- WORK TO COMPLETE:
Reproduce the listing below in full and exactly; no pictures belong in the copy.
*** Opening DATA PROVIDED ***
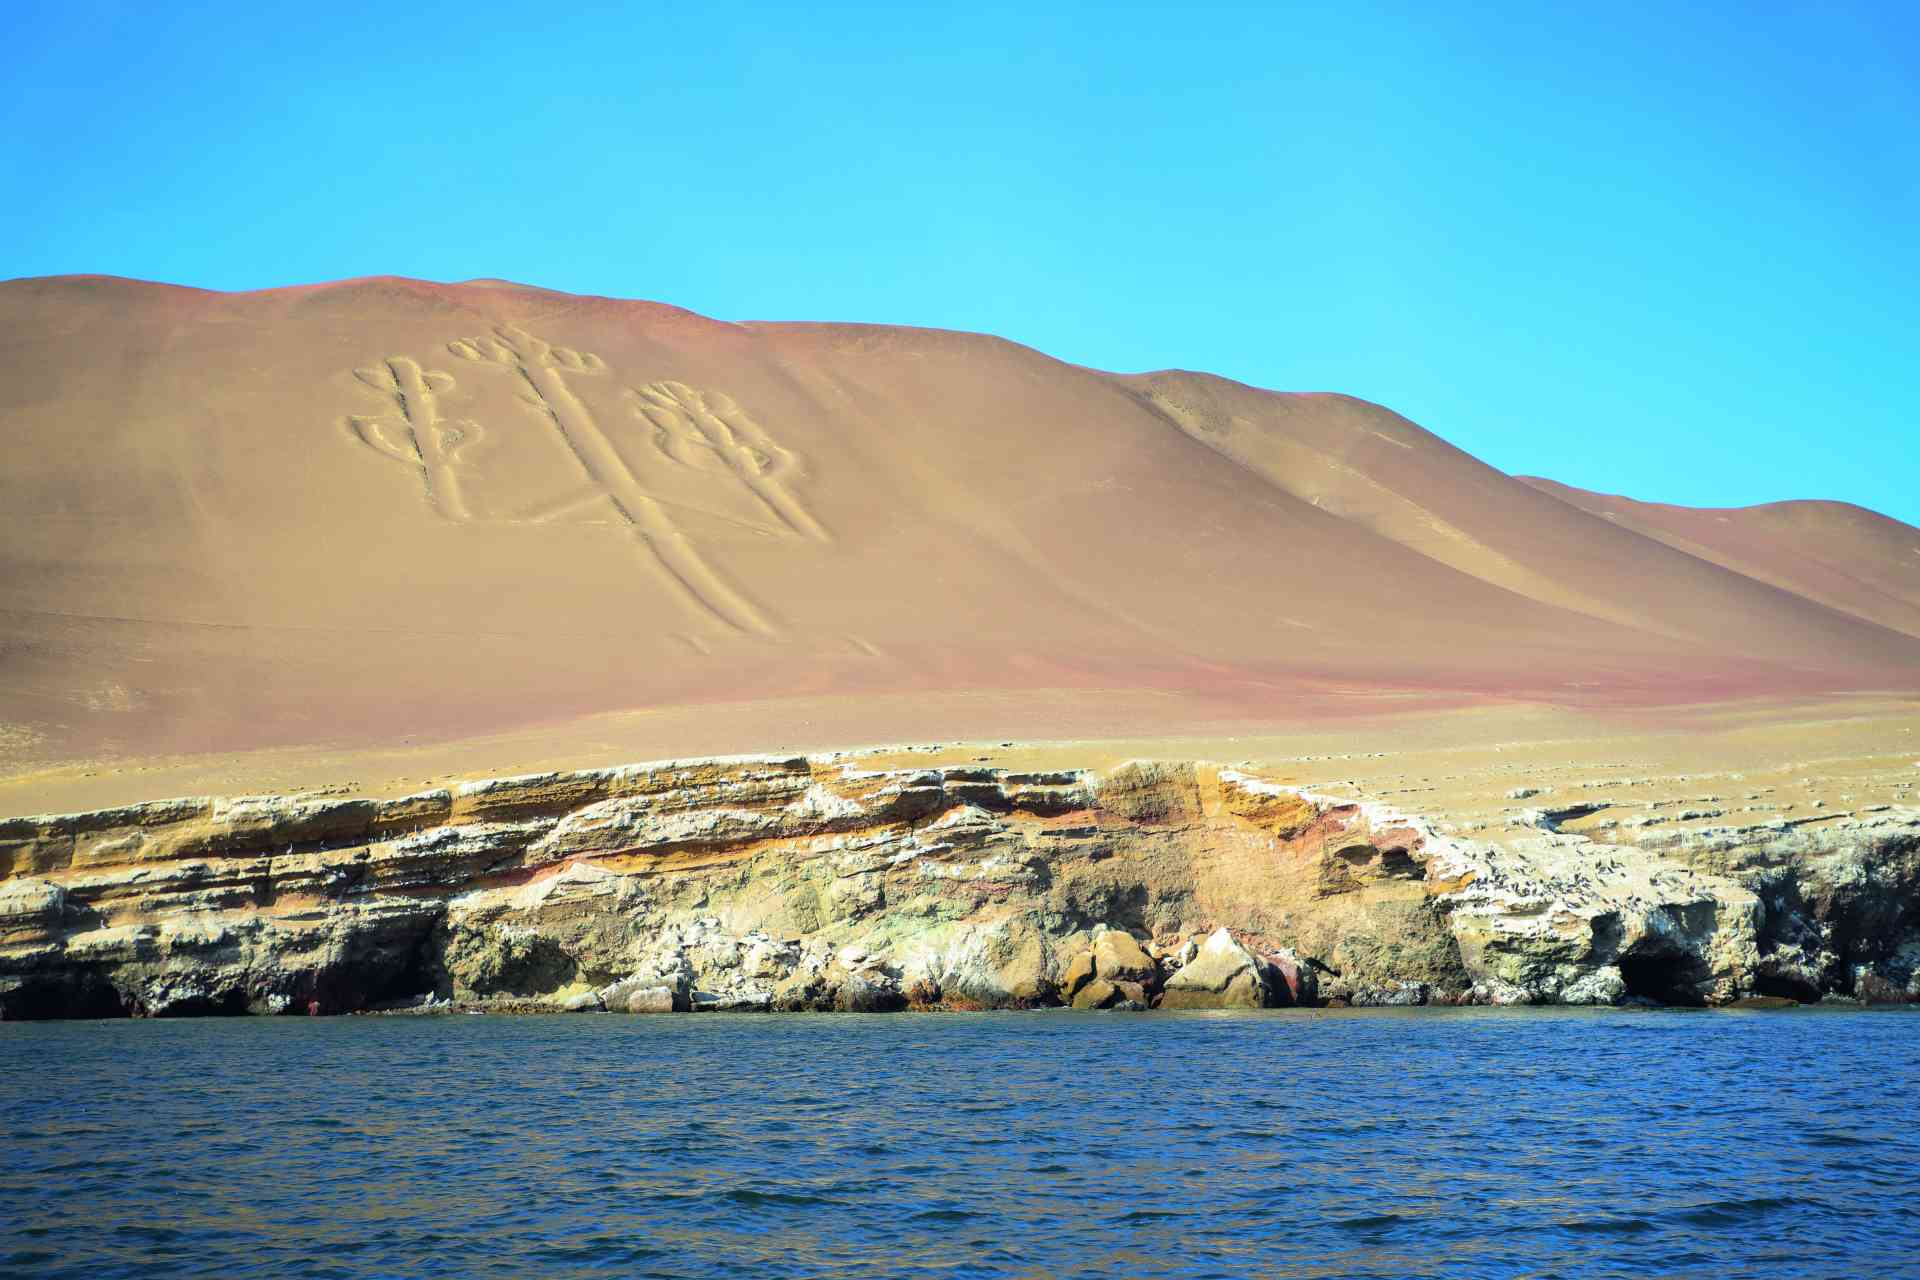 Candelabro, Ballestas Islands, Peru
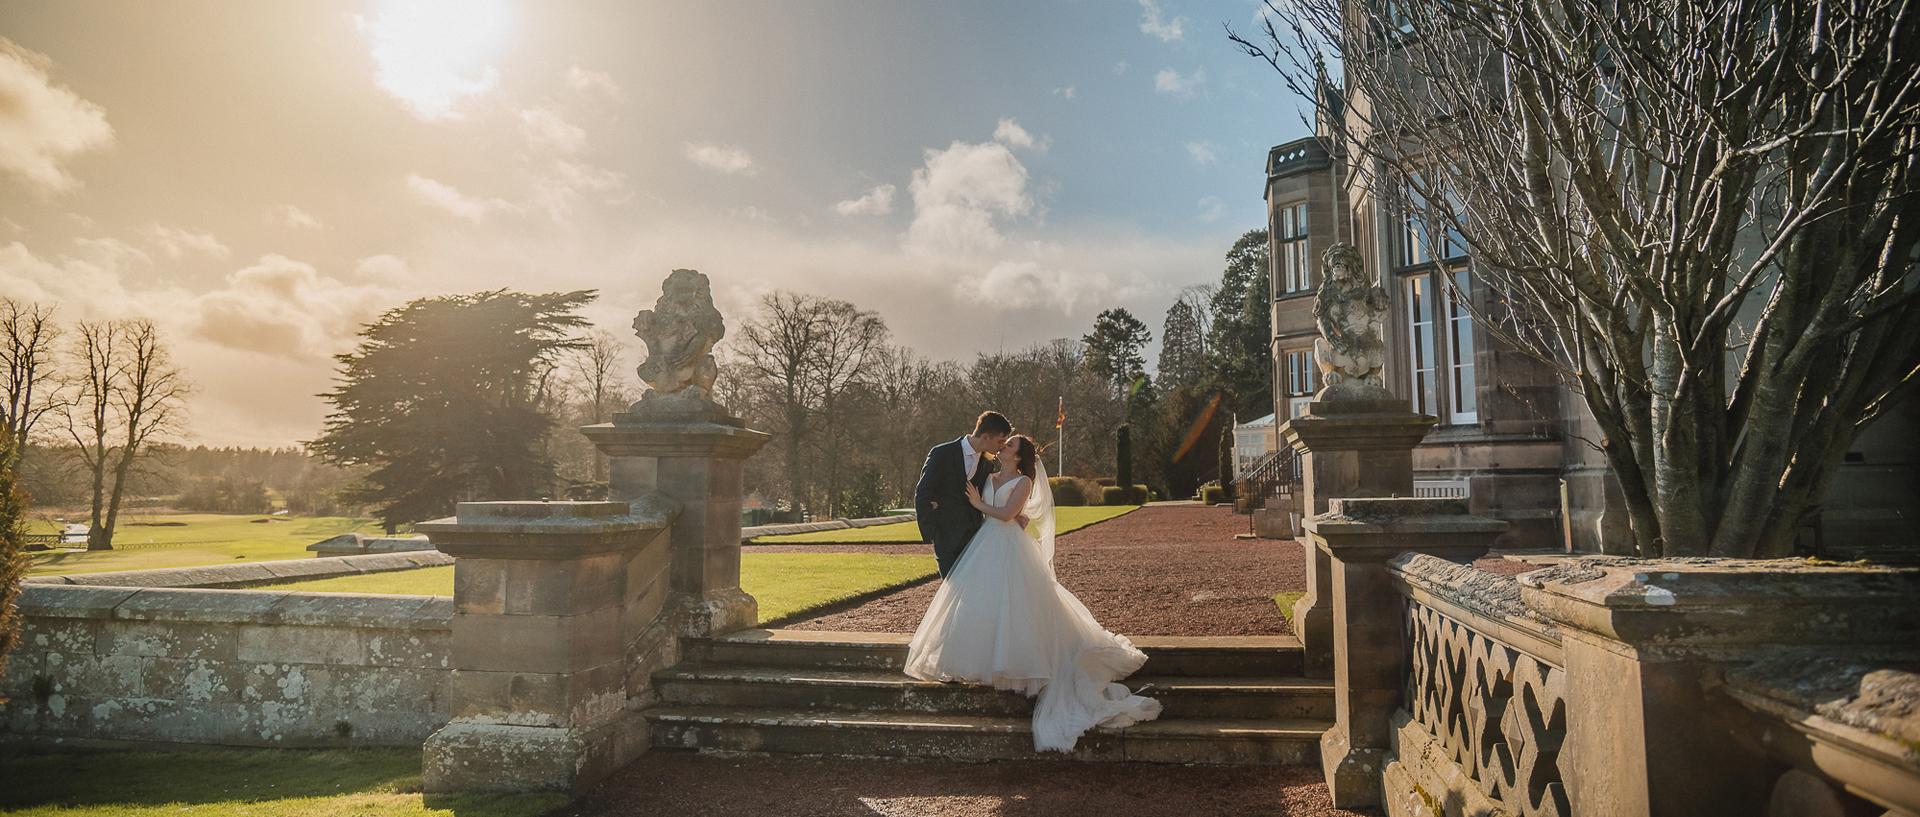 Top 5 Wedding Venues: Part 5 - Matfen Hall
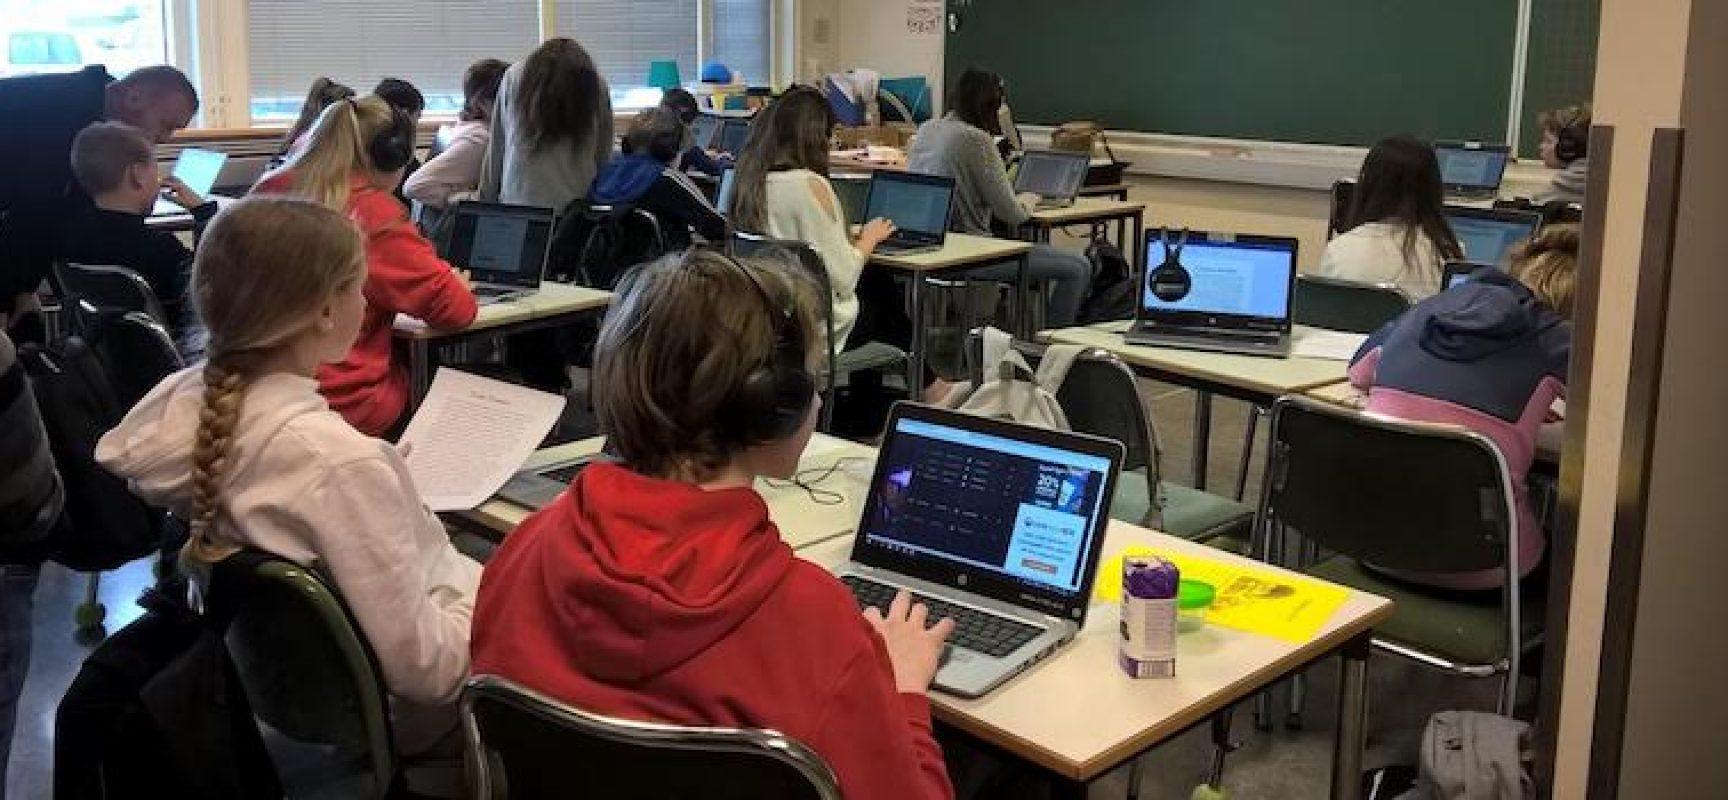 La Monterisi in Islanda per studiare da vicino un sistema scolastico all'avanguardia
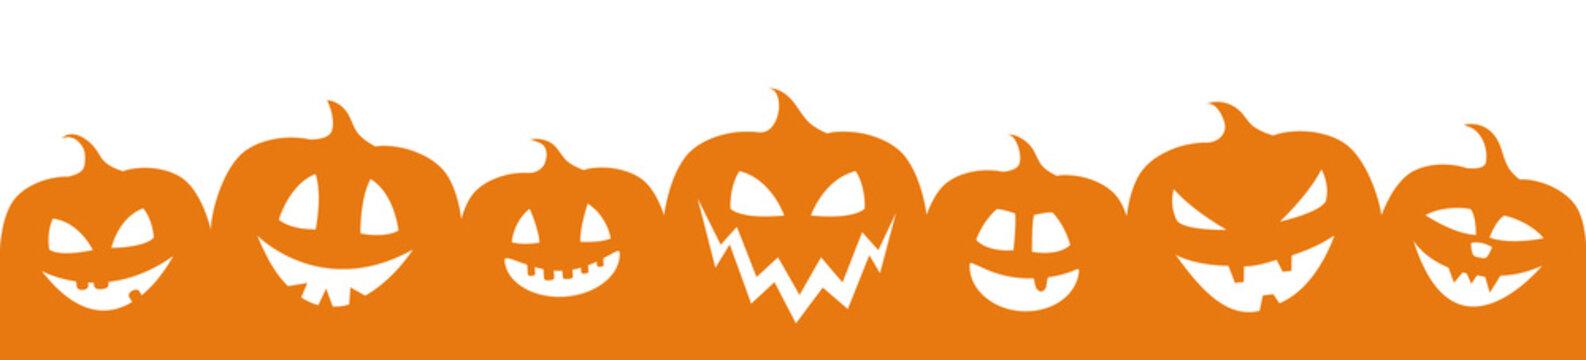 Concept of Halloween banner with pumpkins. Vector.
*** Closing DATA PROVIDED ***
- RESULT OF THIS EXERCISE:
 Candelabro, Ballestas Islands, Peru
 Top 5 Wedding Venues: Part 5 - Matfen Hall
 La Monterisi in Islanda per studiare da vicino un sistema scolastico all'avanguardia
 Concept of Halloween banner with pumpkins. Vector.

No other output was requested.